The purpose of this study is to investigate the serial changes of liver function parameters and Child-Pugh score (CPs) during a 1-year follow-up period after combination TACE and RFA treatments. The treatments were separated by a time-interval of 0-2 d and were used to treat HCC in patients with liver cirrhosis. The risk factors for aggravation of liver function (rise of CPs) after the treatment were also assessed.
Between July 2005 and September 2011, a total of 115 consecutive patients with HCC underwent sequential application of TACE and RFA at a time interval of 0-2 days with curative intent at Konkuk University Medical Center, Seoul, Korea. The inclusion criteria of the combined treatment were as follows: (1) patients with a solitary HCC less than 5 cm in diameter or those with two or three nodules each less than or equal to 3 cm in diameter; (2) cirrhosis classified as Child-Pugh classification A or B; (3) absence of vascular invasion or extrahepatic metastasis; (4) absence of severe coagulopathy (i.e., prothrombin activity < 40% or platelet count < 40000/mL); and (5) tumor located at least 1 cm away from the central bile duct. There were 21 patients who received subsequent management for recurrence of HCC (3 patients with local tumor progression at the treated site; 18 patients with distant HCC recurrence) during the 1-year follow up after the initial combined treatment. These 21 patients were excluded from the analysis because subsequent treatment causes additional alteration of liver function. Thus, the local tumor progression rate and distant recurrence rate during 1 year follow-up period were 2.6% and 15.7%, respectively. Ninety-four patients who survived without HCC recurrence were included in this retrospective study for evaluation of serial changes of liver function during a 1 year follow-up after combined treatment of TACE and RFA (Figure 1).

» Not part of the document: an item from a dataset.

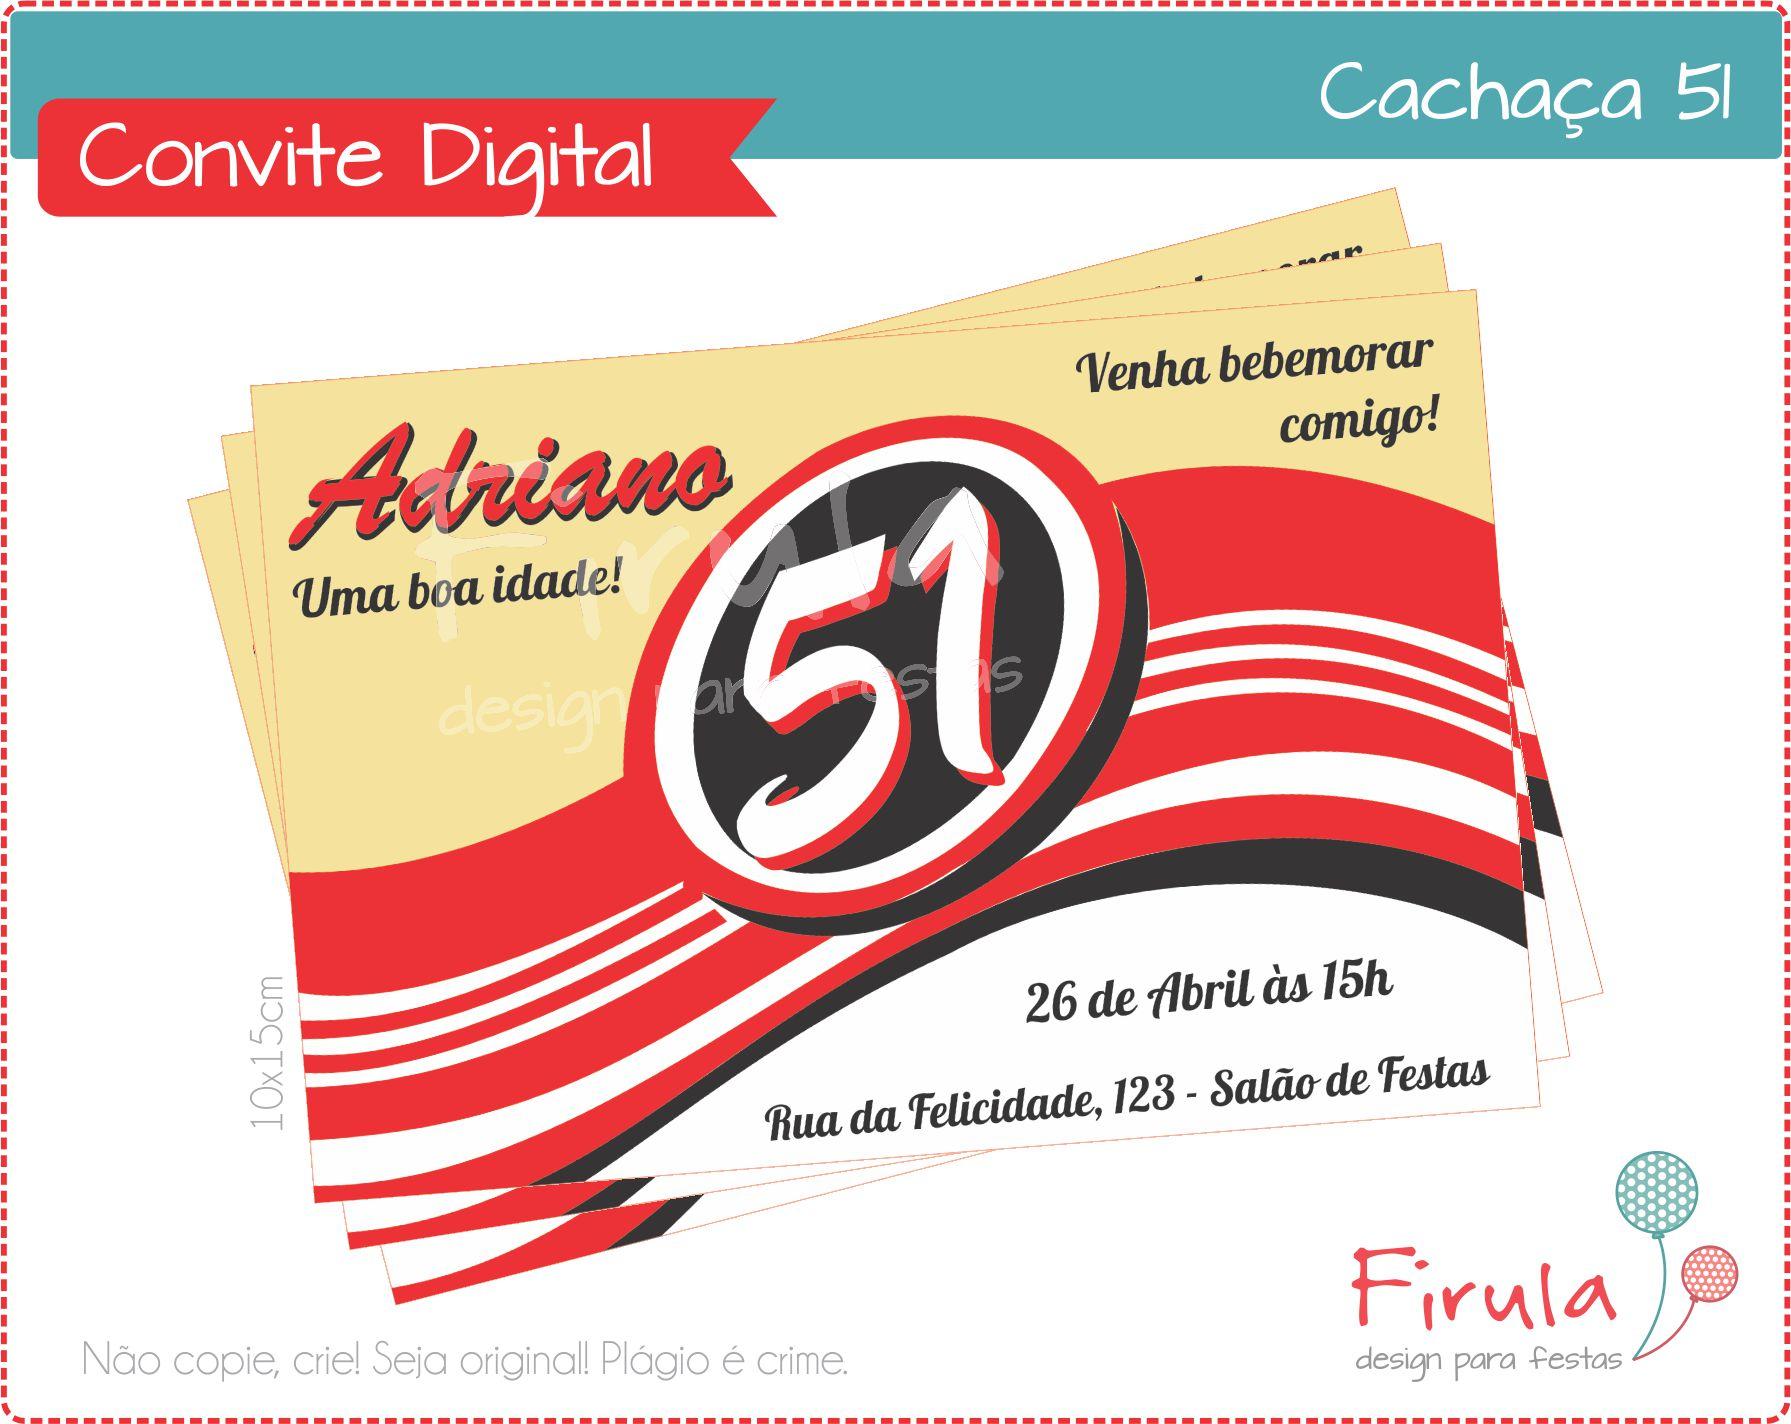 Convite Digital Boteco Cachaca No Elo7 Firula Festas 76ee6a

The diagnosis of HCC was based on the typical imaging features (arterial enhancement followed by delayed washout) on dynamic contrast enhanced computed tomography (CT) and/or magnetic resonance imaging (MRI)[16]. Local tumor progression was defined as a new enhancing lesion within or adjacent to the ablation site on dynamic liver CT or MRI. Distant recurrence was defined as a new HCC in the liver distant from the index tumor or in extra-hepatic regions. The clinical diagnosis of liver cirrhosis was based on imaging findings such as CT or MRI, together with compatible clinical features of portal hypertension, such as esophageal varices or splenomegaly with thrombocytopenia. This study protocol received Institutional review board approval.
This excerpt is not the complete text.